Attorney General Mark Herring, who is charged with representing consumers in utility matters before the SCC but also to defend the constitutionality of state laws, originally opposed SB 1349 while in its formative stages, but now officially supports the SCC’s 2-1 ruling.

Should an appeal be filed, much interest would focus on how the Supreme Court might rule.

A.E. Dick Howard, a professor at the University of Virginia often cited as an expert on Virginia’s Constitution, is quoted in Dimitri’s dissent saying it grants the SCC jurisdiction “that the General Assembly may not take away.” And yet SB 1349, Dimitri asserts, “unequivocally fixes those (base) rates by statute for both companies – for years – and takes the base rate-setting function away from the Commission entirely.”

William Reisinger, a former aide to Mark Herring in the Attorney General’s office and now an energy attorney at the Richmond law firm GreeneHurlocker PLC, said he believes the court, based on recent rulings involving Dominion, would give this a fair hearing.

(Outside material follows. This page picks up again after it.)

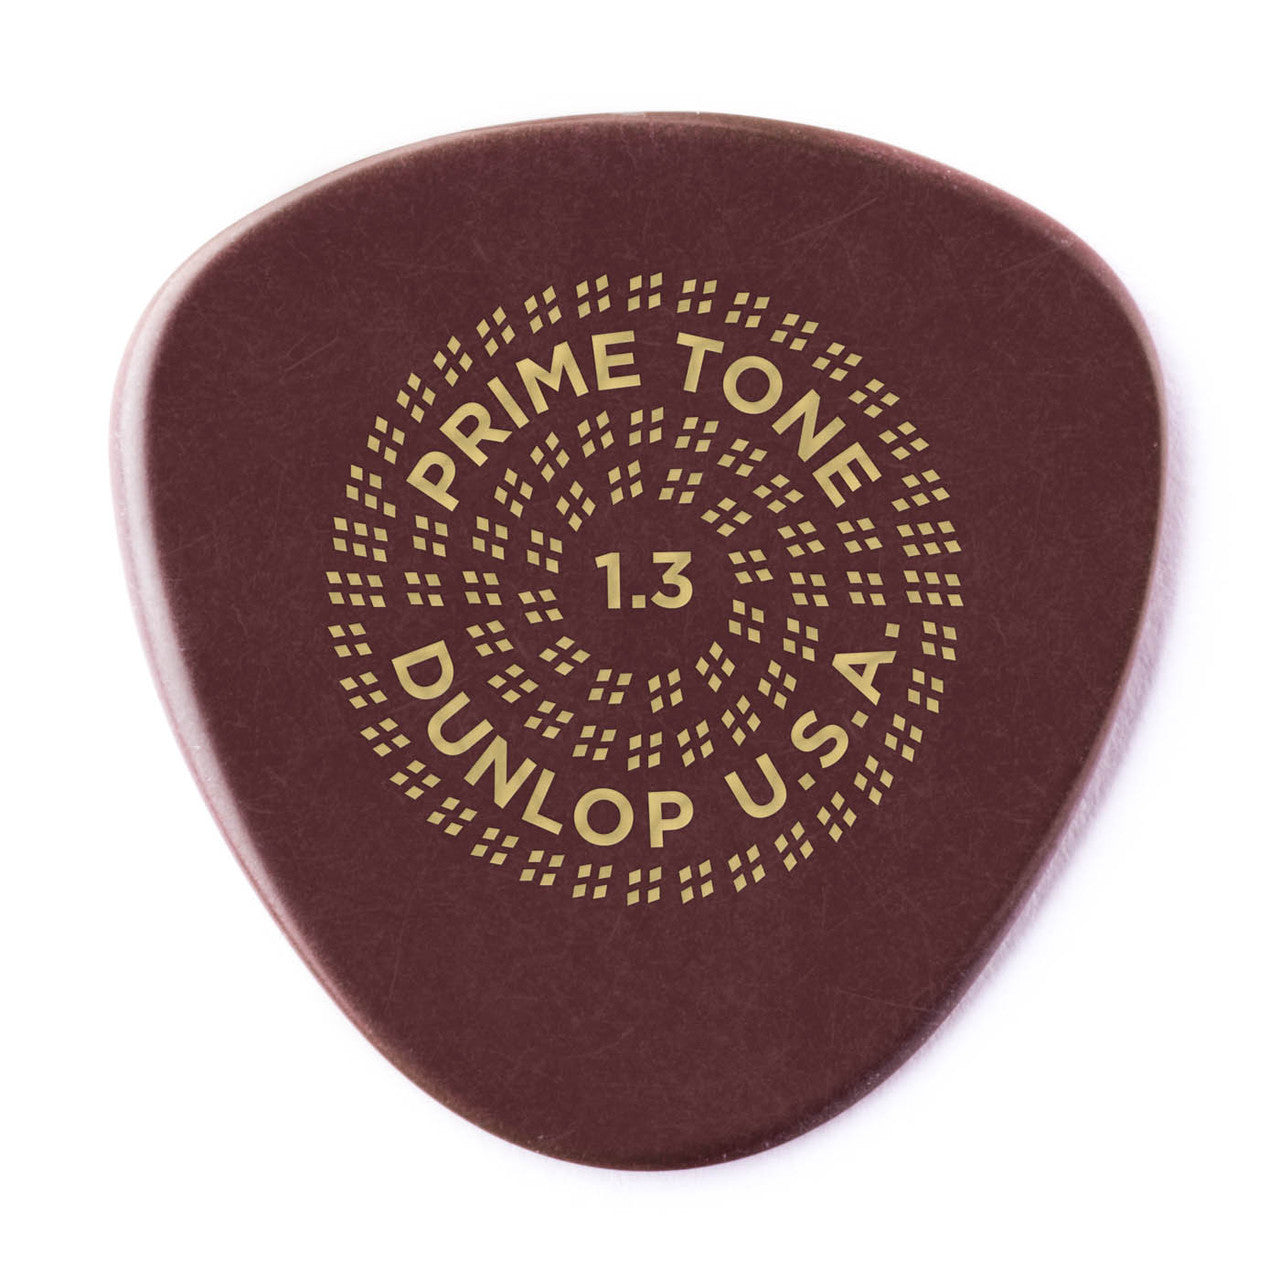 Dunlop Primetone® Semi Round Smooth Pick 1.3mm
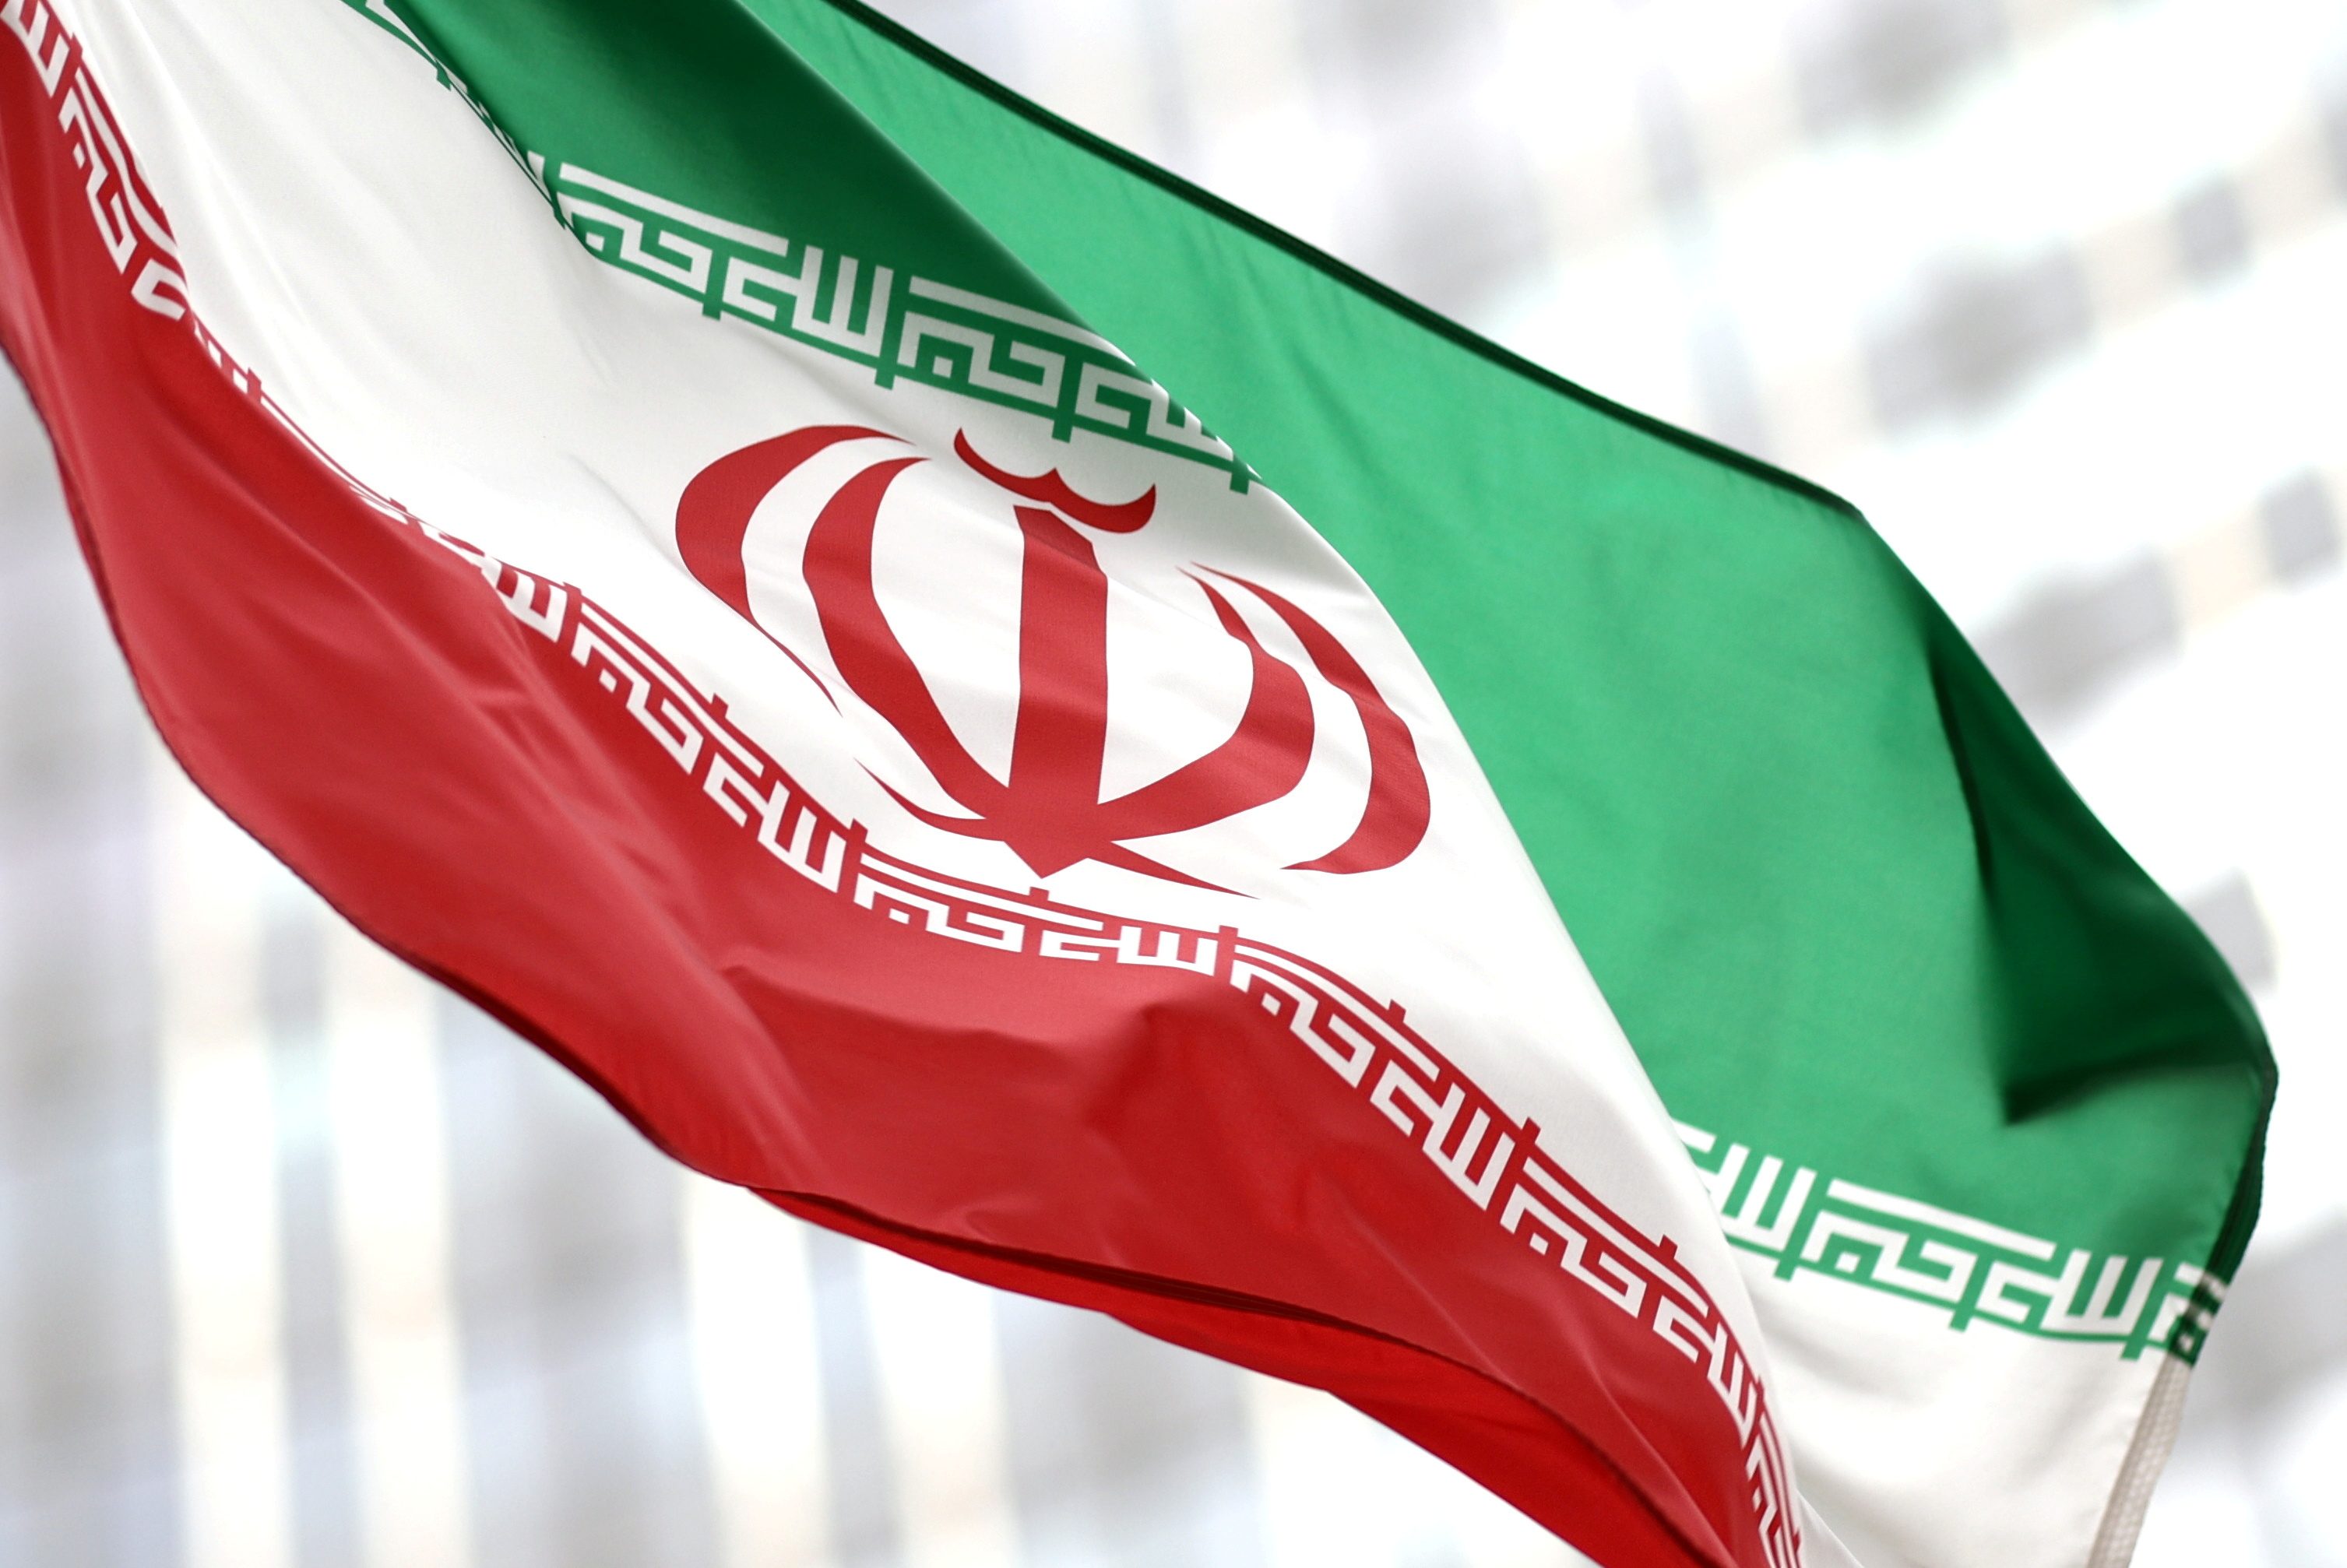 ‘Enemies’ triggering unrest in Iran to overthrow Islamic Republic – Khamenei

He was quick to add the attorney general’s position would carry a lot of weight.

If the ruling stands, there may be little if anything consumers can do to protect their interests, many attorneys say. One might be to mount a review of what the SCC and the General Assembly can and cannot do on electric utility rates, according to the Virginia Constitution.

“I think this raises a lot of fundamental questions,” said Torrent. She said her understanding of the Constitution affords citizens, who ratified the Constitution, the rights that come with separating the powers of regulators and lawmakers.

“The SCC gives the Constitutional authority to regulate rates. That’s what has been stripped away,” Torrent said.

Jim Pierobon, a policy, marketing and social media strategist, was a founding contributor to Southeast Energy News. He passed away after a long battle with pancreatic cancer in 2018.